Question

Number of molecules/ions from the following in which the central atom is involved in sp3 hybridization is ________.\( \text{NO}_3^-, \, \text{BCl}_3, \, \text{ClO}_2^-, \, \text{ClO}_3 \)

• A. 2
• B. 4
• C. 3
• D. 1

Answer 1

The Correct Option is A

Determine the Hybridization of Each Species:

For \( \text{NO}_3^- \):
The structure of \( \text{NO}_3^- \) (nitrate ion) shows that nitrogen is involved in three sigma bonds and has no lone pairs on it.
The hybridization of nitrogen in \( \text{NO}_3^- \) is \( sp^2 \).

For \( \text{BCl}_3 \):
Boron in \( \text{BCl}_3 \) forms three sigma bonds with no lone pairs, resulting in a planar triangular structure.
The hybridization of boron in \( \text{BCl}_3 \) is \( sp^2 \).

For \( \text{ClO}_2^- \):
In \( \text{ClO}_2^- \) (chlorite ion), chlorine has two sigma bonds with oxygen atoms and two lone pairs of electrons.
The hybridization of chlorine in \( \text{ClO}_2^- \) is \( sp^3 \), resulting in a bent or V-shaped geometry.

For \( \text{ClO}_3^- \):
In \( \text{ClO}_3^- \) (chlorate ion), chlorine forms three sigma bonds with oxygen atoms and has one lone pair of electrons.
The hybridization of chlorine in \( \text{ClO}_3^- \) is \( sp^3 \), resulting in a pyramidal structure.

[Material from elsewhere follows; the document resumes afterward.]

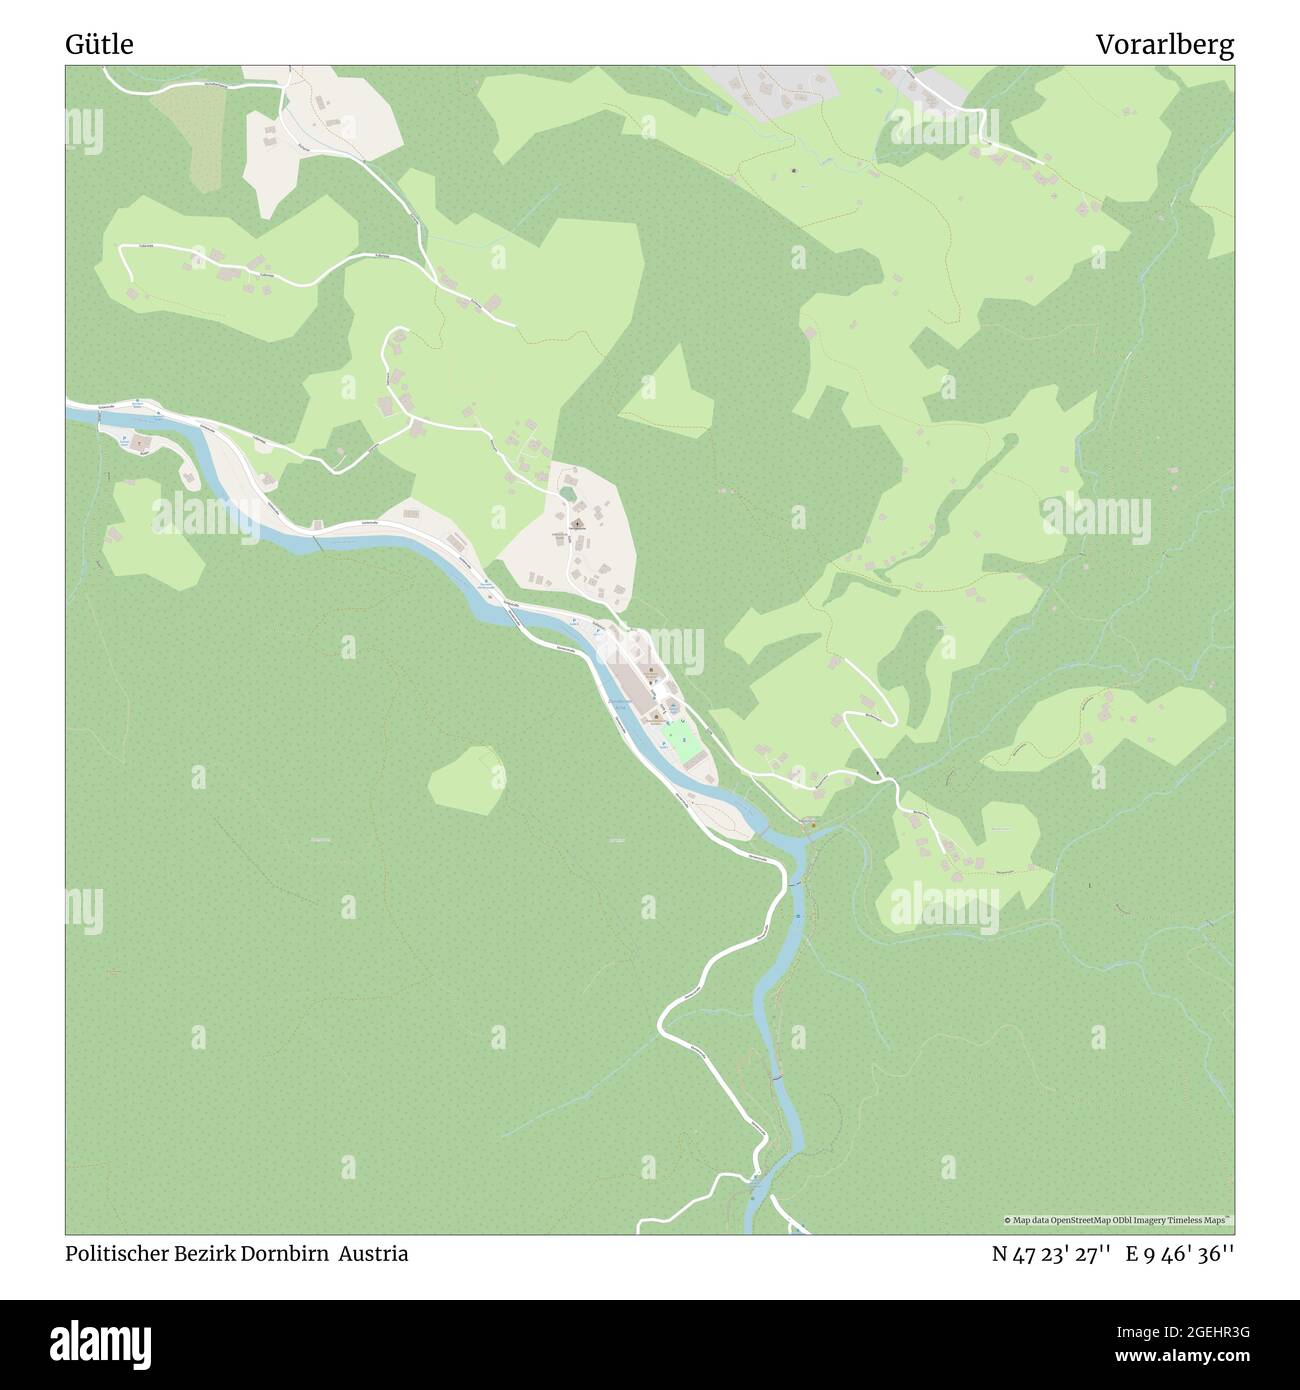 Gütle, Politischer Bezirk Dornbirn, Austria, Vorarlberg, N 47 23' 27'', E 9 46' 36'', map, Timeless Map published in 2021. Travelers, explorers and adventurers like Florence Nightingale, David Livingstone, Ernest Shackleton, Lewis and Clark and Sherlock Holmes relied on maps to plan travels to the world's most remote corners, Timeless Maps is mapping most locations on the globe, showing the achievement of great dreams Stock Photo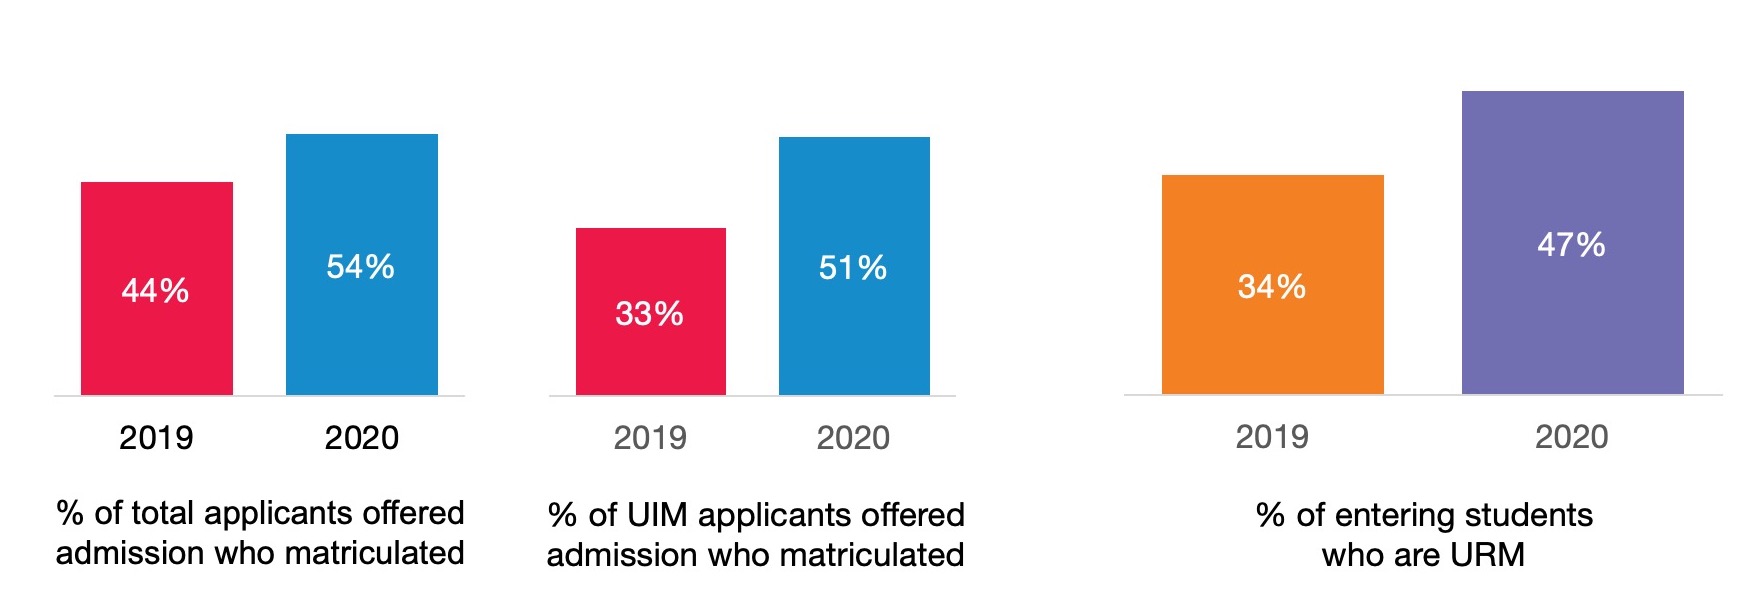 Chart explanation: % of total applicants offered admission who matriculated: 2019 44%; 2020 54%. %of UIM applicants offered admission who matriculated: 2019 33%; 2020 51%. % of entering class comprised of UIM students: 2019 34%; 2020: 47%

Count the Species with \( sp^3 \) Hybridization:

From the analysis above, \( \text{ClO}_2^- \) and \( \text{ClO}_3^- \) have \( sp^3 \) hybridization for the central atom.

Conclusion:

The number of molecules/ions in which the central atom is involved in \( sp^3 \) hybridization is 2, corresponding to Option (1).